Plugins
Plugins can be attached to an editor to alter its behavior in different ways. Plugins are just simple Javascript objects, containing a set of properties that control different behaviors—event handling, change handling, rendering, etc.
Each editor has a "middleware stack" of plugins, which has a specific order.
When the editor needs to resolve a plugin-related handler, it will loop through its plugin stack, searching for the first plugin that successfully returns a value. After receiving that value, the editor will not continue to search the remaining plugins; it returns early. If you'd like for the stack to continue, a plugin handler should return undefined
.
Conventions
A plugin should always export a function that takes options. This way even if it doesn't take any options now, it won't be a breaking API change to take more options in the future. So a basic plugin might look like this:
export default function MySlatePlugin(options) {
return {
// Return properties that describe your logic here...
}
}
Event Handler Properties
{
onBeforeInput: Function,
onBlur: Function,
onFocus: Function,
onCopy: Function,
onCut: Function,
onDrop: Function,
onKeyDown: Function,
onKeyUp: Function,
onPaste: Function,
onSelect: Function
}
All of the event handler properties are passed the same React event
object you are used to from React's event handlers. They are also passed a change
object representing any changes that have resulted from the event, and the editor
instance itself.
Each event handler can choose to call methods on the change
object, in which case the editor's value will be updated.
If the return value of a plugin handler is null
, the editor will simply continue resolving the plugin stack. However, if you return a non-null value, the editor will break out of the loop.
onBeforeInput
Function onBeforeInput(event: Event, change: Change, editor: Editor) => Change || Void
This handler is called right before a string of text is inserted into the contenteditable
element.
Make sure to event.preventDefault()
if you do not want the default insertion behavior to occur!
onBlur
Function onBlur(event: Event, change: Change, editor: Editor) => Change || Void
This handler is called when the editor's contenteditable
element is blurred.
onFocus
Function onFocus(event: Event, change: Change, editor: Editor) => Change || Void
This handler is called when the editor's contenteditable
element is focused.
onCopy
Function onCopy(event: Event, change: Change, editor: Editor) => Change || Void
This handler is called when there is a copy event in the editor's contenteditable
element.
onCut
Function onCut(event: Event, change: Change, editor: Editor) => Change || Void
This handler is equivalent to the onCopy
handler.
onDrop
Function onDrop(event: Event, change: Change, editor: Editor) => Change || Void
This handler is called when the user drops content into the contenteditable
element.
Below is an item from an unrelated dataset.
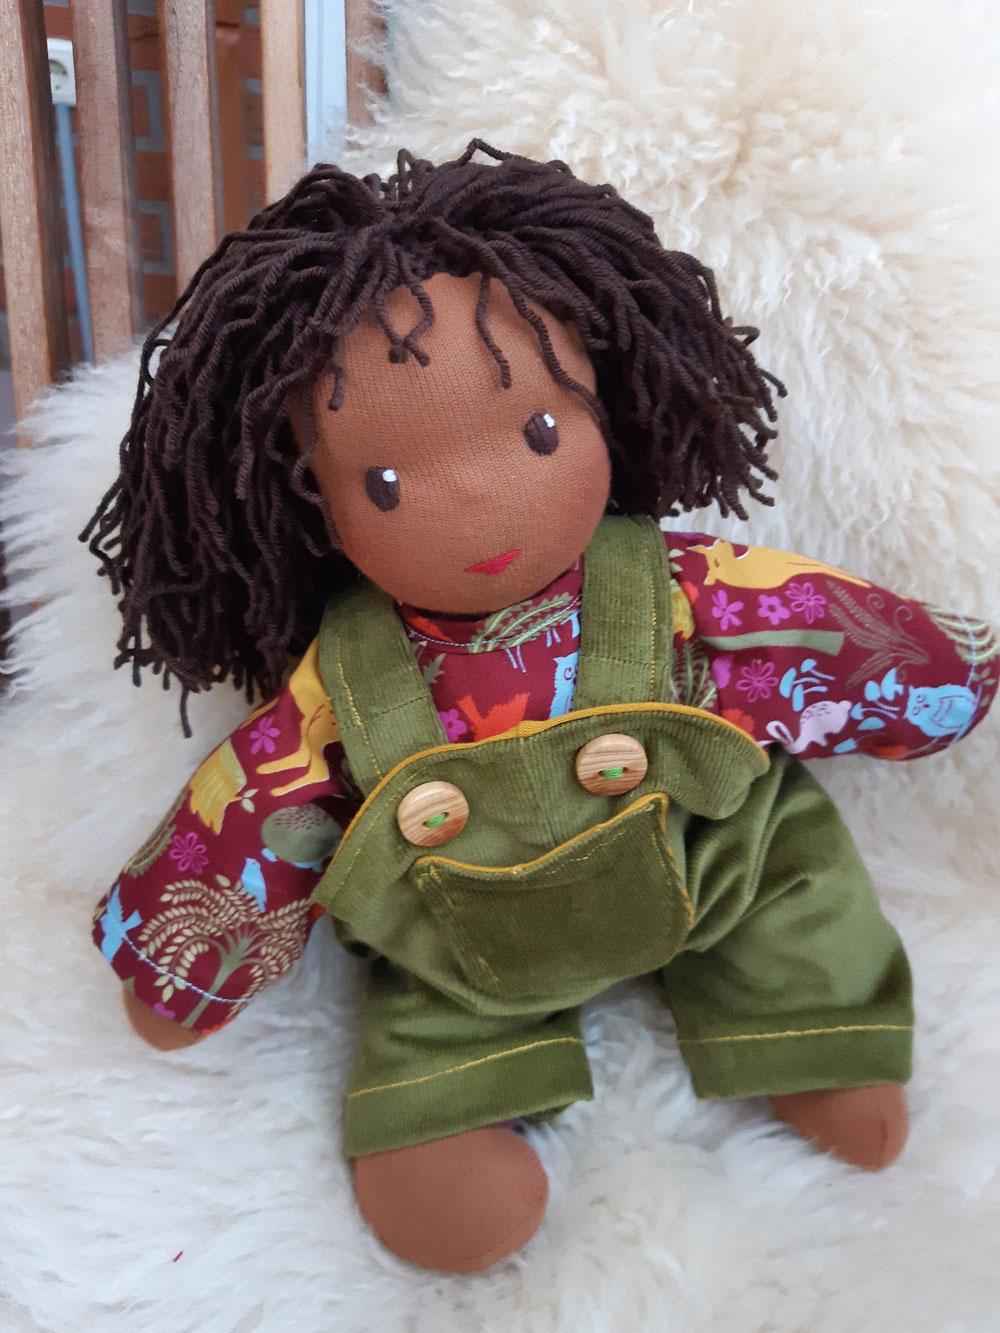 Bio-Stoffpuppe, individuelle Puppe passend zum Kind, Waldorfart, schwarze Puppe, Empowerment, genderneutral, Erziehung, Wunschpuppe, ökologische Kinderpuppe, bio-fair, ökofairliebt, Selbstakzeptanz, Naturmaterial, Puppenhandwerk, erste Puppe, Schlamperle
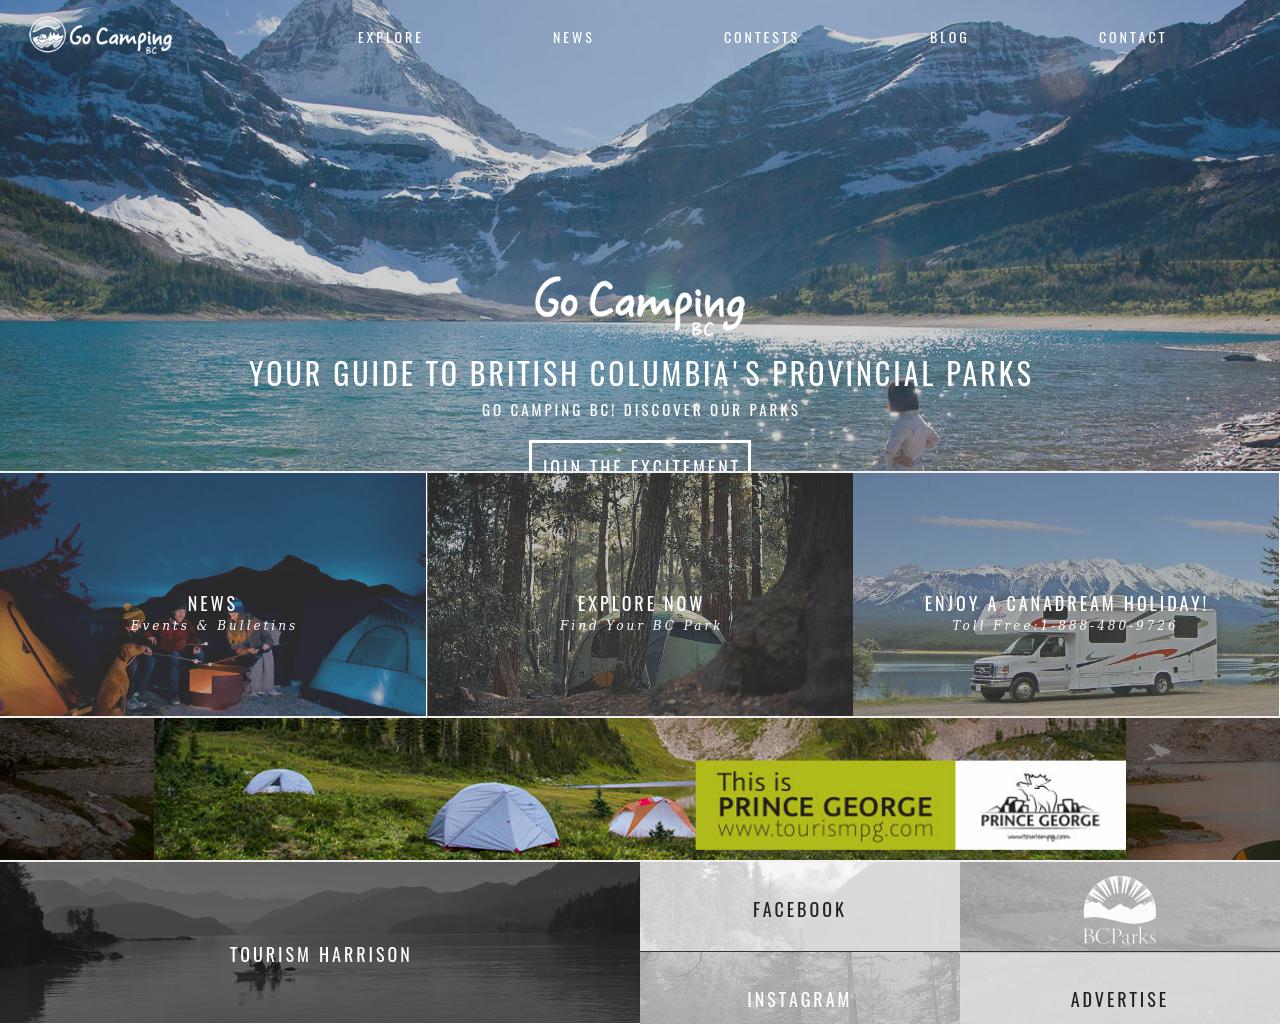 Go-Camping-BC-Advertising-Reviews-Pricing

The event is already prevented by default, so you must define a value change to have any affect occur.
onKeyDown
Function onKeyDown(event: Event, change: Change, editor: Editor) => Change || Void
This handler is called when any key is pressed in the contenteditable
element, before any action is taken.
Make sure to event.preventDefault()
if you do not want the default insertion behavior to occur!
onKeyUp
Function onKeyUp(event: Event, change: Change, editor: Editor) => Change || Void
This handler is called when any key is released in the contenteditable
element.
onPaste
Function onPaste(event: Event, change: Change, editor: Editor) => Change || Void
This handler is called when the user pastes content into the contenteditable
element. The event is already prevented by default, so you must define a value change to have any affect occur.
onSelect
Function onSelect(event: Event, change: Change, editor: Editor) => Change || Void
This handler is called whenever the native DOM selection changes.
Note: This is not Slate's internal selection representation (although it mirrors it). If you want to get notified when Slate's selection changes, use the onChange
property of the <Editor>
. This handler is instead meant to give you lower-level access to the DOM selection handling, which is not always triggered as you'd expect.
Other Properties
{
onChange: Function
}
onChange
Function onChange(change: Change) => Any || Void
The onChange
handler isn't a native browser event handler. Instead, it is invoked whenever the editor value changes. This allows plugins to augment a change however they want.
renderEditor
Function renderEditor(props: Object, editor: Editor) => Object || Void
The renderEditor
property allows you to define higher-order-component-like behavior. It is passed all of the properties of the editor, including props.children
. You can then choose to wrap the existing children
in any custom elements or proxy the properties however you choose. This can be useful for rendering toolbars, styling the editor, rendering validation, etc. Remember that the renderEditor
function has to render props.children
for editor's children to render.
schema
Object
The schema
property allows you to define a set of rules that will be added to the editor's schema. The rules from each of the schemas returned by the plugins are collected into a single schema for the editor.